Tower2とは?

Tower2はMacで動作するGitフロントエンドとしては老舗的存在だ。現在GitフロントエンドといえばAtlassianが提供しているSourceTreeが有名だ。SourceTreeは機能はプラットフォーム毎に若干異なるもののWindowsでもMacでも動作し、無償で利用できるため多くのユーザに利用されている。

Tower2もSourceTreeに負けず劣らず使い勝手の良いGUIフロントエンドを提供しているが、無償で利用可能なSourceTreeと異なり有償のソフトウェア(新規ライセンスは$69、Tower1からのアップグレードは$35)となっている。今回はこのTower2の実力をSourceTreeと比較しつつお伝えしていきたい。

図1:Tower2のWebサイト

Tower2のメリット

Tower2はSourceTreeと同様、フルスペックのGitフロントエンドでGitに関する操作は概ねGUI上で完結できる。使い勝手もある程度慣れればSourceTreeとさほど変わらない。ではTower2を使うメリットはどこにあるのだろうか?

図2:Tower2のメイン画面

1つはSourceTreeと比べると動作が圧倒的に高速という点だ。SourceTreeの動作は全体的にもっさりとした印象だが(これはWindows版にも言える)、Tower2はキビキビと動作する。日常的に利用するソフトウェアなだけにこの違いは地味に大きい。

もう1つは1ウィンドウで複数のリポジトリを扱うことができるという点だ。Mac版のSourceTreeは1ウィンドウで1リポジトリしか扱うことができないため、大量のリポジトリを扱う場合は多数のウィンドウを開く必要がある。Windows版のSourceTreeではタブでリポジトリを切り替えることができるのだが、Mac版ではこういったインタフェースが導入されていない。

図3:複数のリポジトリを1ウィンドウで管理できる

GitHub等を活用しOSS活動を活発に行っているようなプログラマであれば多数のGitリポジトリを扱うケースは多いのではないかと思うが、Mac版のSourceTreeはそういったユーザほど不便を感じやすい。
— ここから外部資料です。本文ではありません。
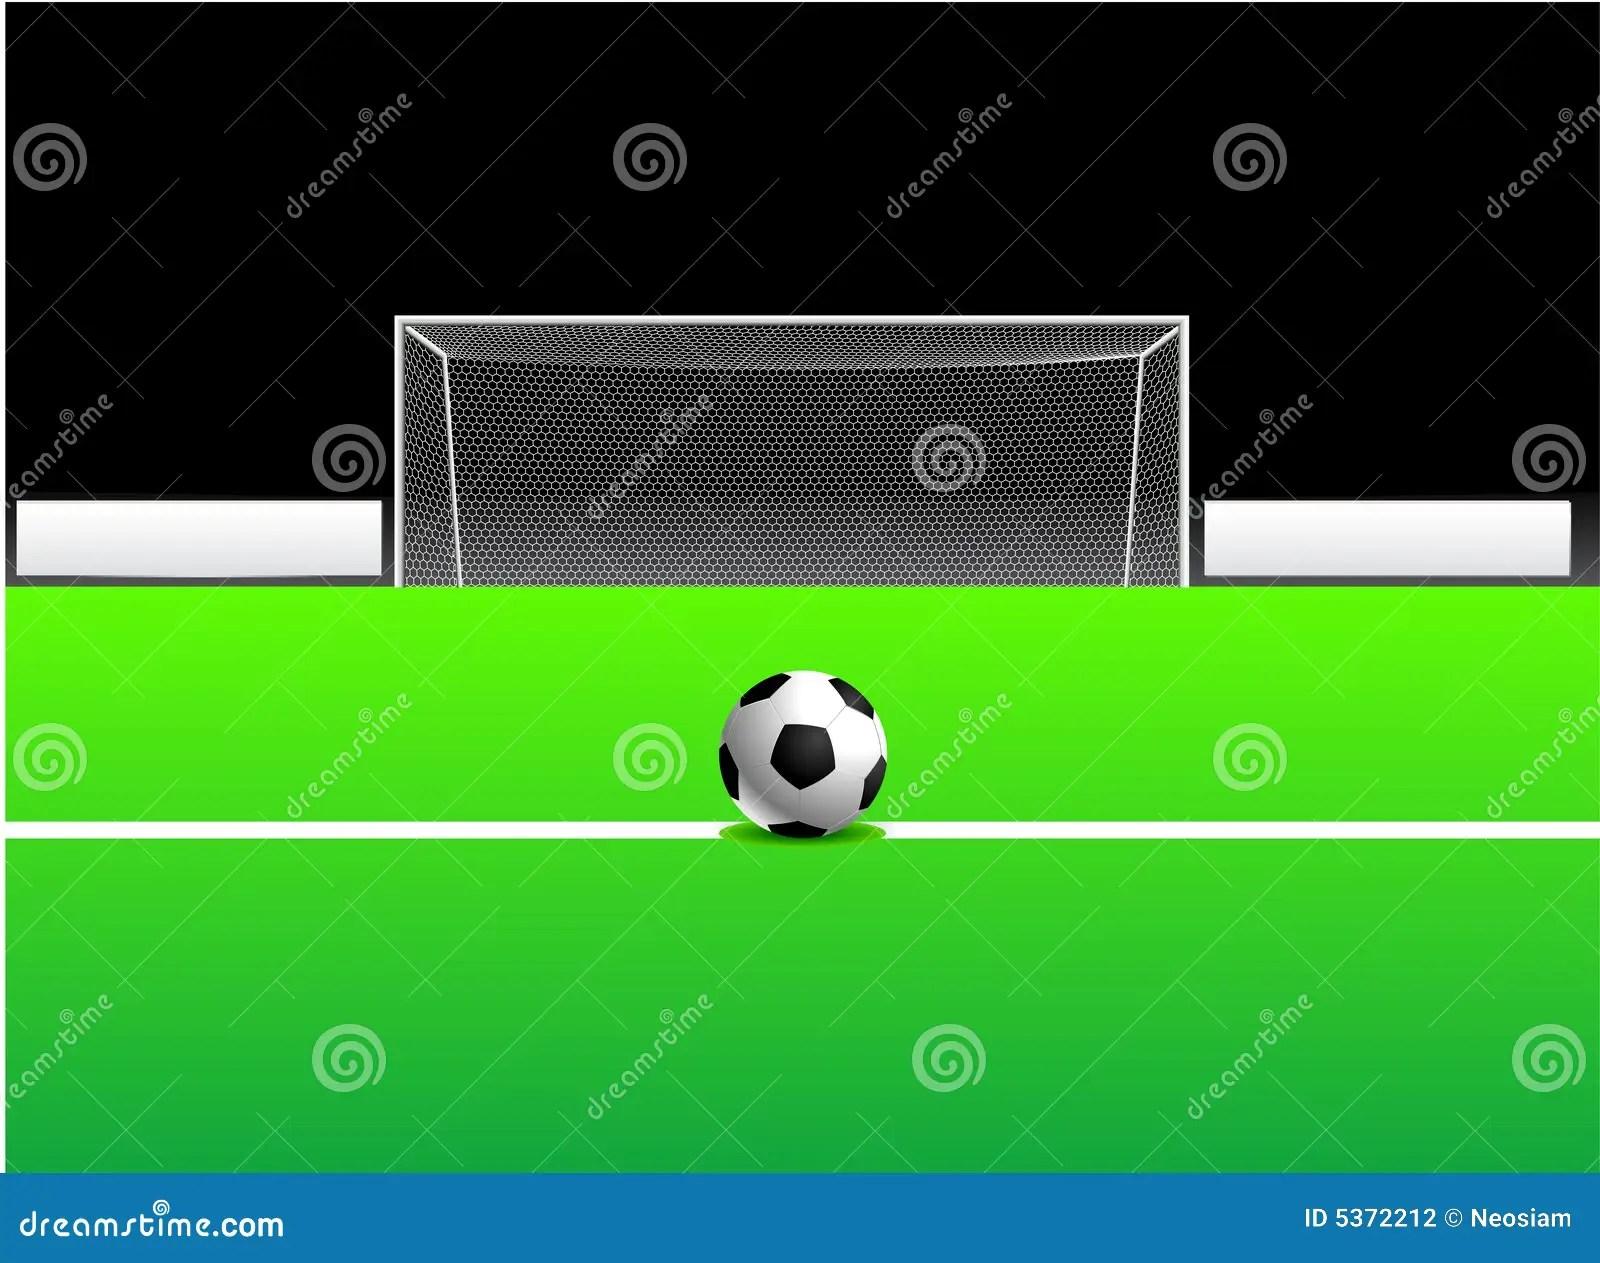 Soccer Football Ball And Goal Stock Vector

Tower2はこの問題を解決してくれる。

この他にも、ブランチを切り替える際にワークスペースに未コミットの変更がある場合はスタッシュするかどうかを自動的に確認してくれるなど、細かい部分で気が利いてるなと思わせる機能があるのもTower2の特徴だ。

Tower2のデメリット

それではTower2を使うことによるデメリットはないのだろうか?

筆者がTower2を使っていて最も困ったのが対話的にリベースを行う機能がないという点だ。SourceTreeの対話的リベース機能は見た目もわかりやすく操作性も良かったので活用していたのだが、Tower2ではこういった機能は存在しない。この点は非常に残念だ。Tower2の開発元であるfournova社でもこの点は認識しており、機能追加の候補には上がっているものの、まだ具体的な計画はないようだ。

図4:SourceTreeの対話的リベース

また、ユーザインタフェースが英語のみという点も場合によっては欠点となるかもしれない。特に非エンジニアに利用してもらうには敷居が高いといえるだろう。
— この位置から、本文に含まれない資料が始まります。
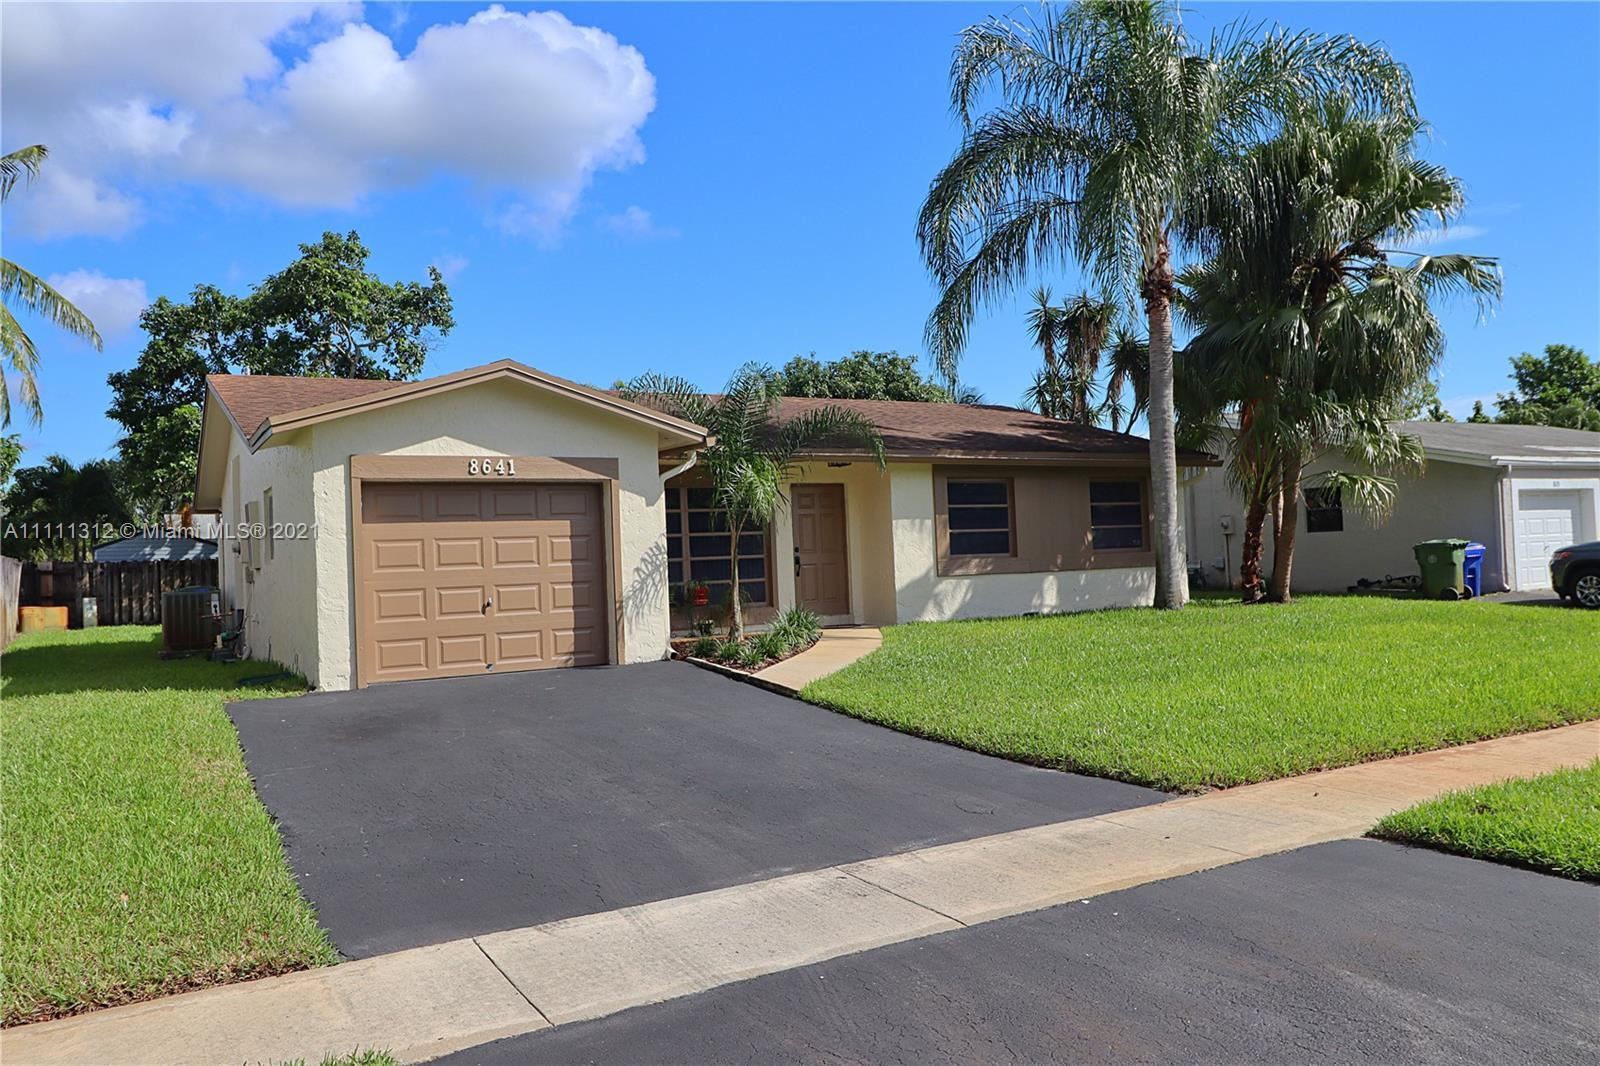 Photo of 8641 NW 8th St, Pembroke Pines, FL 33024 (MLS # A11111312)

もう1つTower2を使っていて気になったのが、リポジトリ一覧での情報量だ。SourceTreeのリポジトリ一覧では未コミットのファイル数やアップデートしていない変更数などがバッジで表示されるのだが、Tower2ではリポジトリを選択して詳細情報を表示しないと確認することができない。現実問題としてこれによって日常的な作業に支障をあるかというとさほど問題ではないのだが、普段は触っていないリポジトリでも差分があることがわかればプルしておこう…という目安になるので見えやすい場所に情報が表示されている方が望ましいことは間違いない。
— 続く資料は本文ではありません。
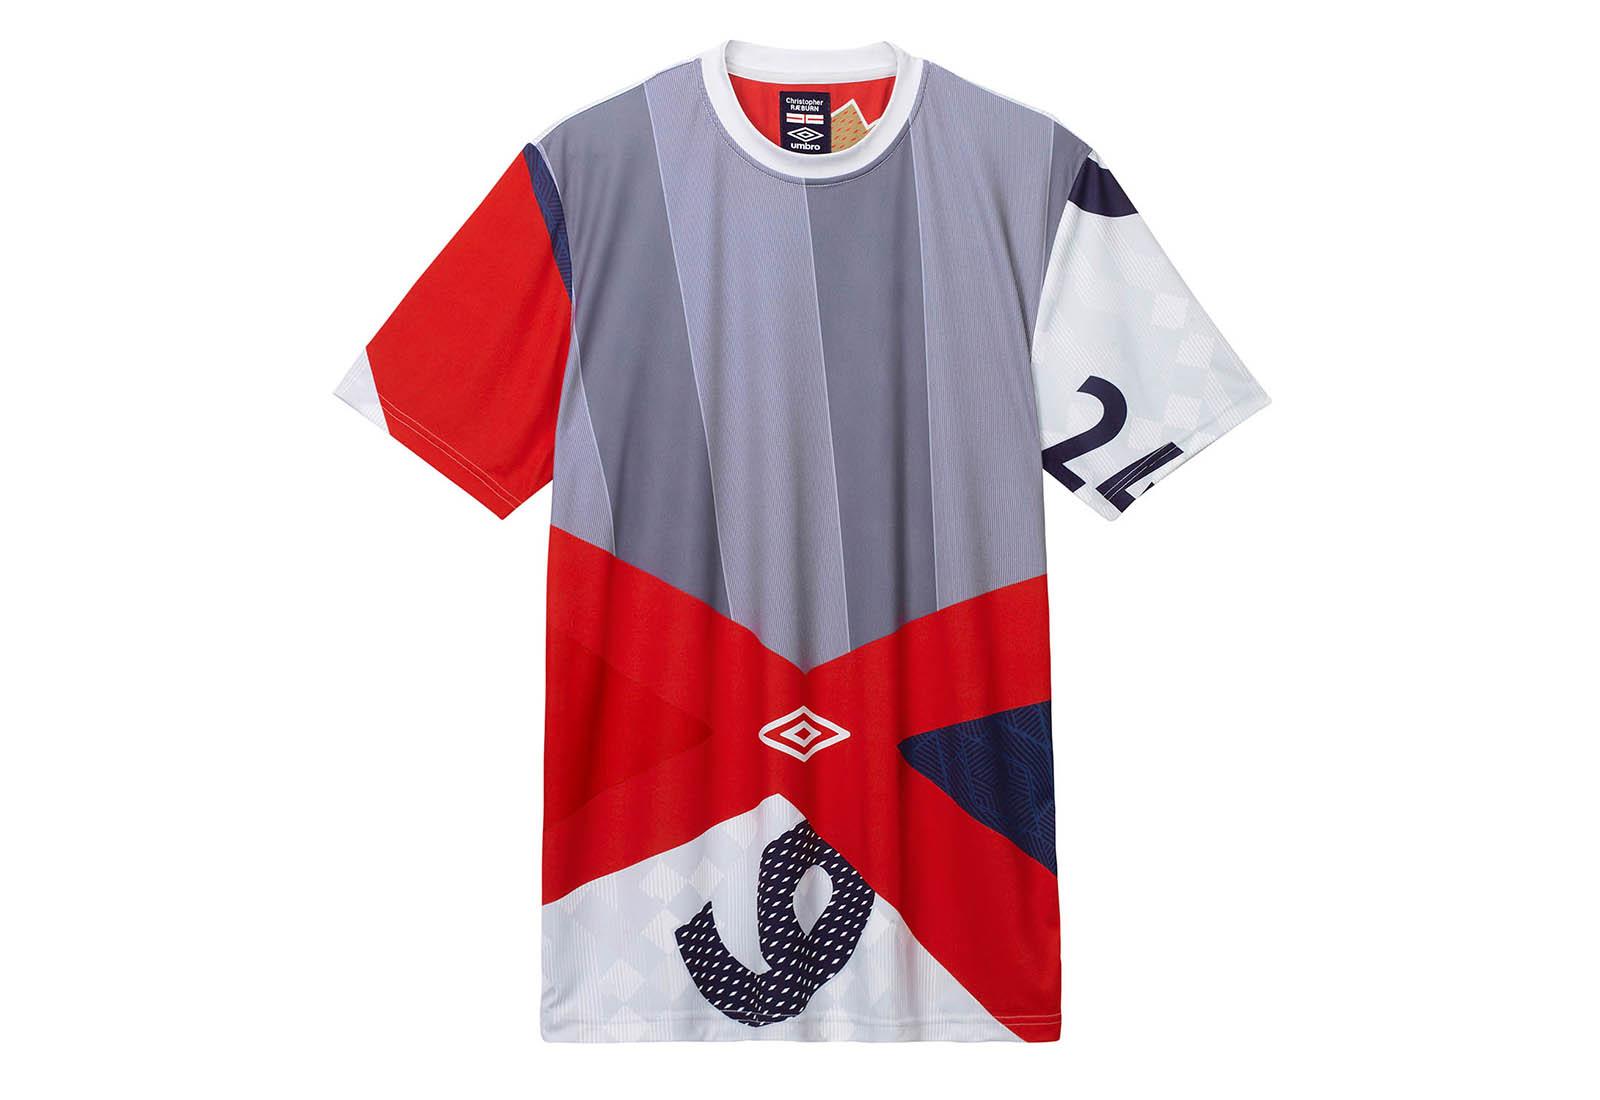 christopher-raeburn-umbro-collaboration-soccerbible-full-collection_0002_umbro-x-christopher-raeburn-remix-tee-red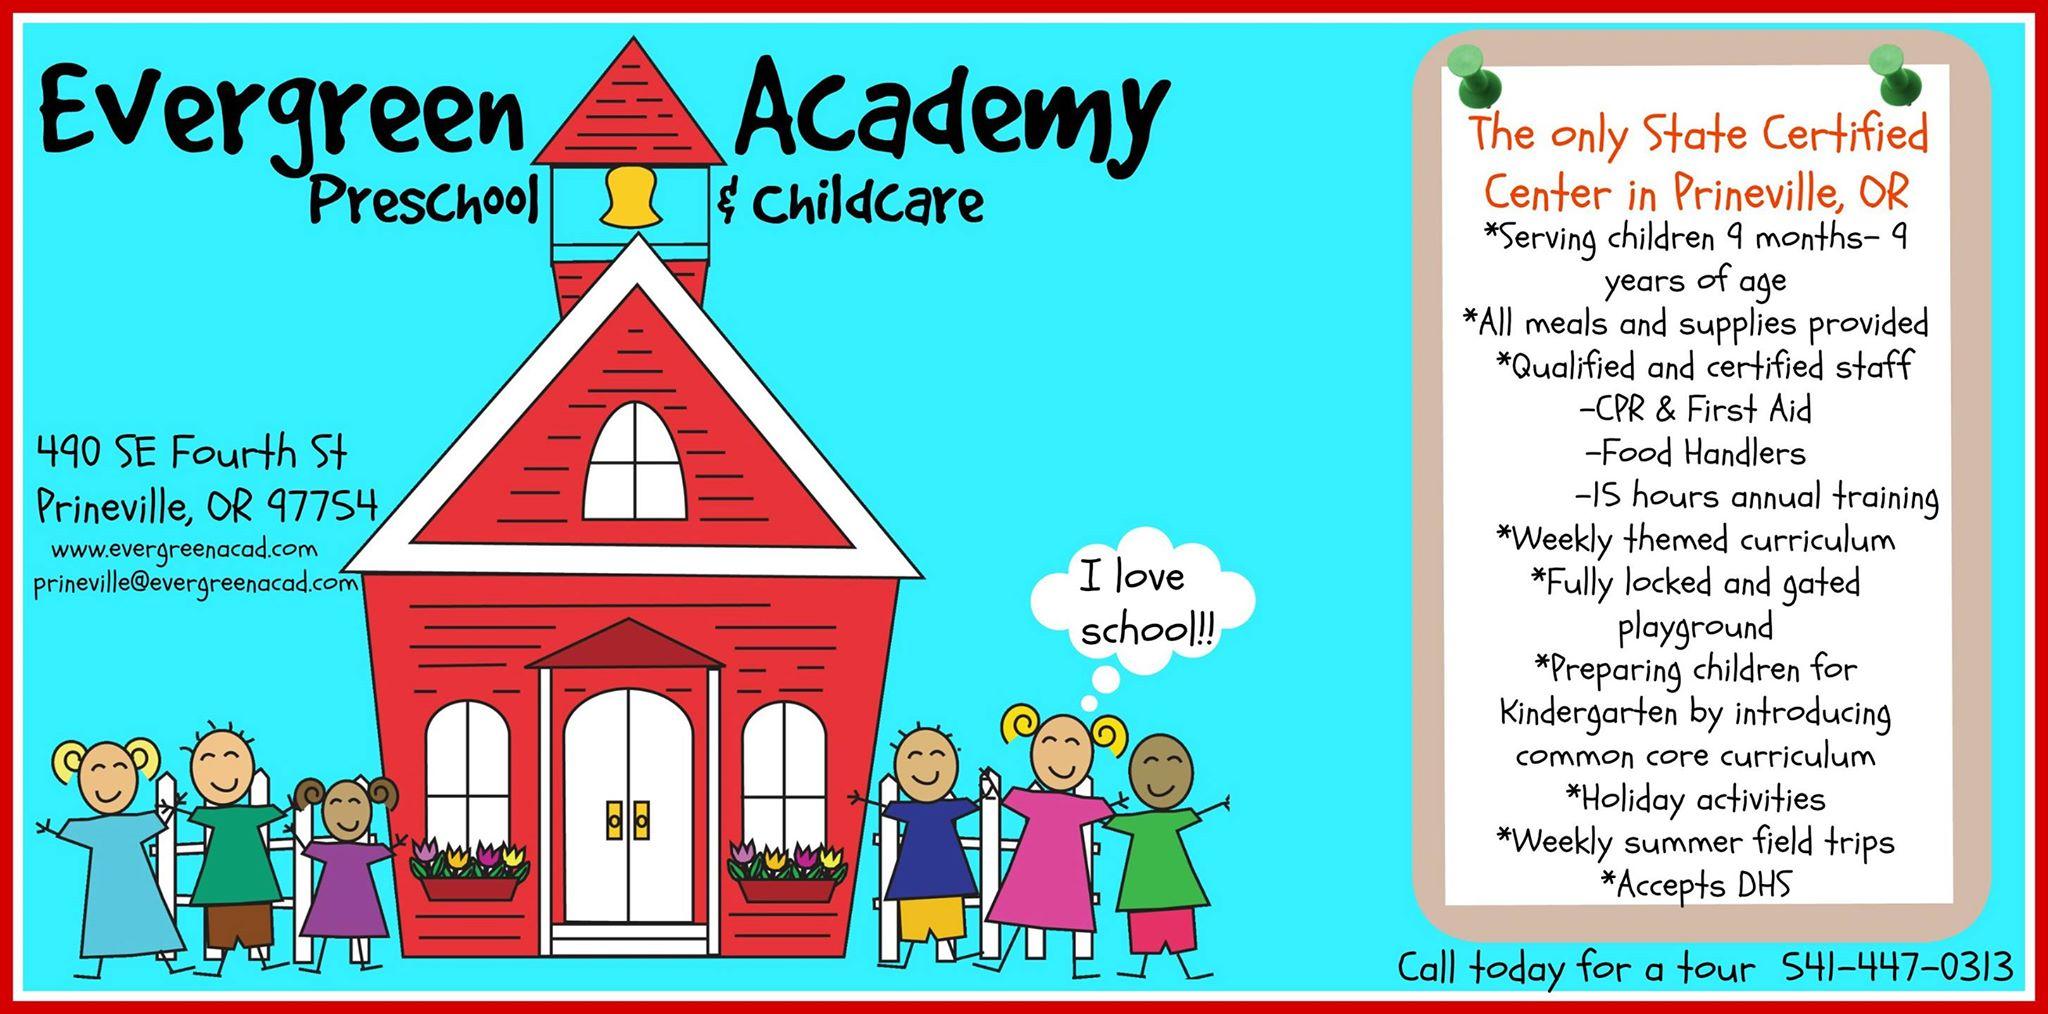 Evergreen Academy Preschool & Childcare, Prineville

図5:SourceTreeではリポジトリ一覧で差分の有無がわかる

細かい部分では、SourceTreeではローカルブランチを削除する際にリモートブランチも同時に削除することができるのだが、Tower2ではそういったことはできない。その代わり、Tower2ではブランチを複数選択してまとめて削除することができる。プルリクエストを多用する開発スタイルの場合にマージ後のブランチを整理する際などはTower2のほうが圧倒的に便利だ。このあたりは一長一短と言えるかもしれない。

まとめ

SourceTreeもTower2も非常に良くできたGitフロントエンドであることは間違いない。Tower2には対話型リベースの機能がないという欠点があるものの、それを除けば日常的な作業についてはどちらを使っても困ることはほとんどないだろう。ただし、大量のリポジトリを扱う必要がある場合にSourceTreeに煩わしさを感じているというMacユーザには是非Tower2をおすすめしたい。有償のソフトウェアではあるものの、それに見合った働きをしてくれるはずだ。